If you’re like most people, you wake up most mornings and immediately check your Telex machine to see if there’s been any announcements that someone has finally built an open-wheeled formula race car that is powered by the motor from a washing machine. Most mornings end in bitter disappointment, with no washer-powered racer news and just raw, uncut rage to fill the hole. Until now. Yes, your long nightmare is over, thanks to the team of Craft-Bamboo Racing and Haier Washing Machines, who have joined forces to build the first formula car with a motor from a washing machine.

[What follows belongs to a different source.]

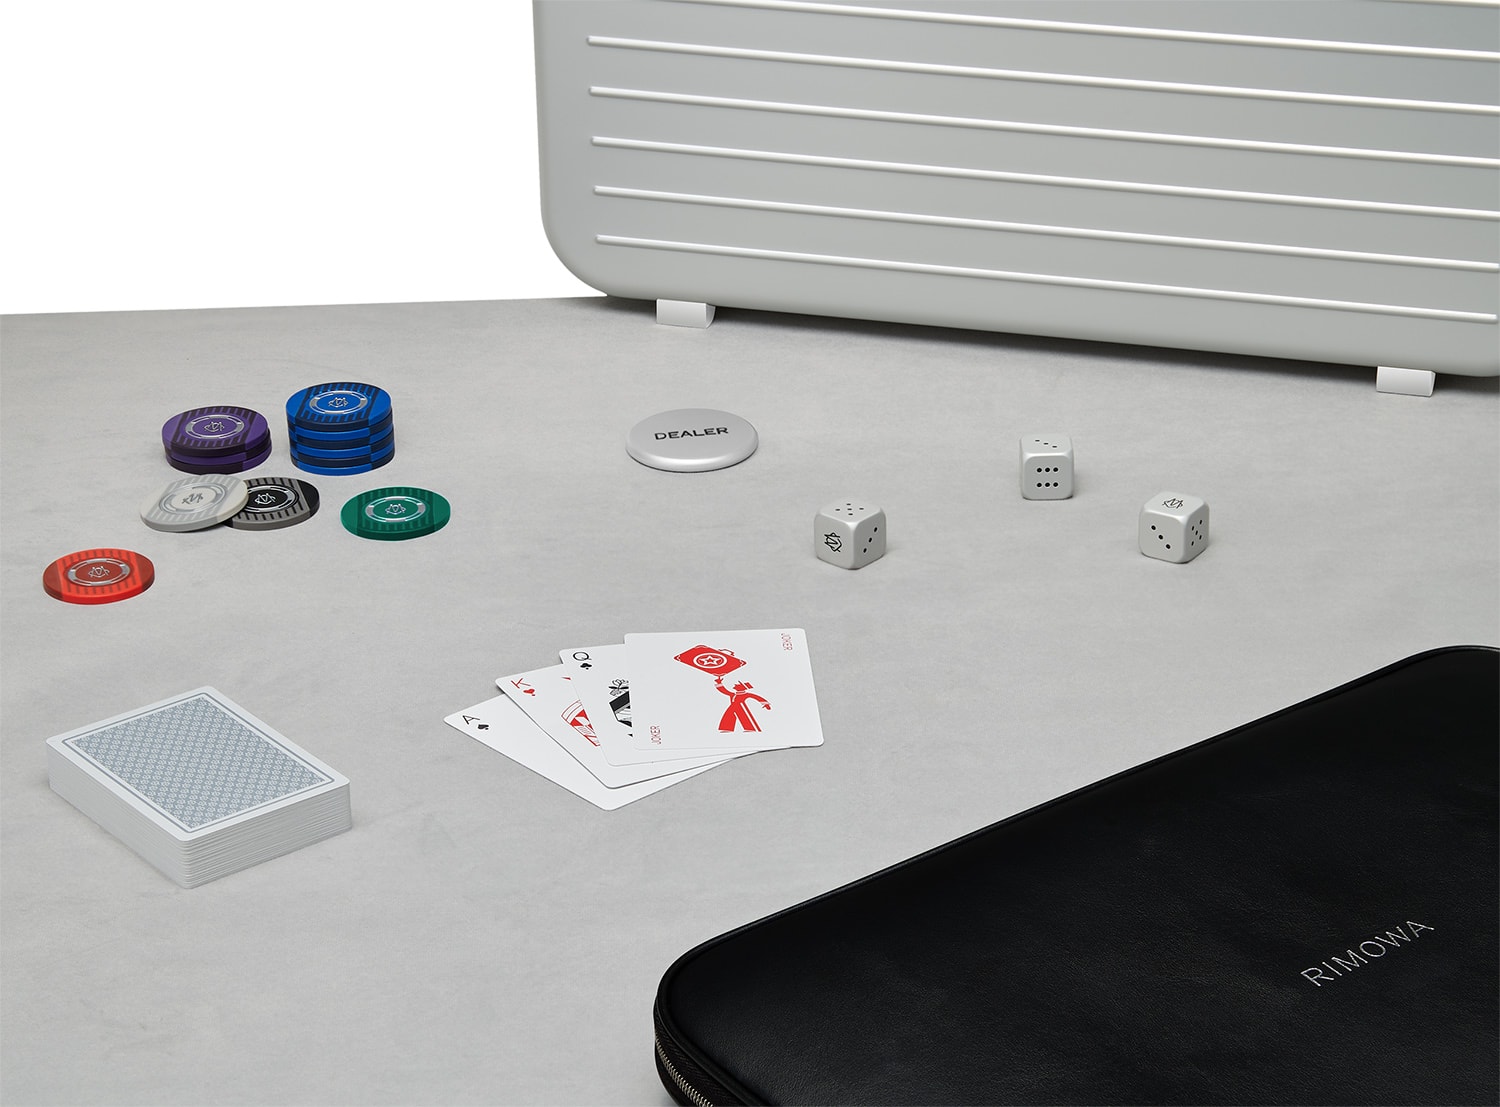 RIMOWA 正式推出全新 POKER ATTACHÉ 高級撲克牌手提箱

It shouldn’t surprise you that the motors used in these washers are electric, not gasoline-powered, so this car is an all-electric race car. Hong Kong-based Craft Bamboo developed the Formula Haier car around the direct-drive washing machine motor, which makes 660 W of power (that’s about 0.9 horsepower, pretty damn good for a washing machine) and an impressive 45 nM/33 lb-ft of torque.
That’s a good bit less than most race cars make, but it’s enough to do something with. As you can guess, weight savings and good aerodynamics are important when you’re dealing with a powerplant with the power of 80 per cent of a single horse, but the decent (again, for a washing machine) torque numbers do help.
Craft-Bamboo made an informative video showing how they did it:
As you can see in the video, the motor, normally mounted directly to the washing machine’s drum to eliminate the need for belts, is a remarkably small unit, about the size of a thick frisbee.
Instead of running the motor on its normal 230V AC wall power, it’s being run from a large 12V battery, which is then converted to single-phase AC, and then to a motor controller unit.
They seem to have adapted their existing Renault gearbox for this application, too. No mention is made of top speed or acceleration or range, but I wouldn’t expect any of those numbers to be particularly impressive, outside of the context that the car is powered by an appliance.
I’m excited to see this thing in action! I hope eventually this merges into its own Formula Appliance series, so I can finally stick that blender motor into that old Formula Vee car I saw on Craigslist.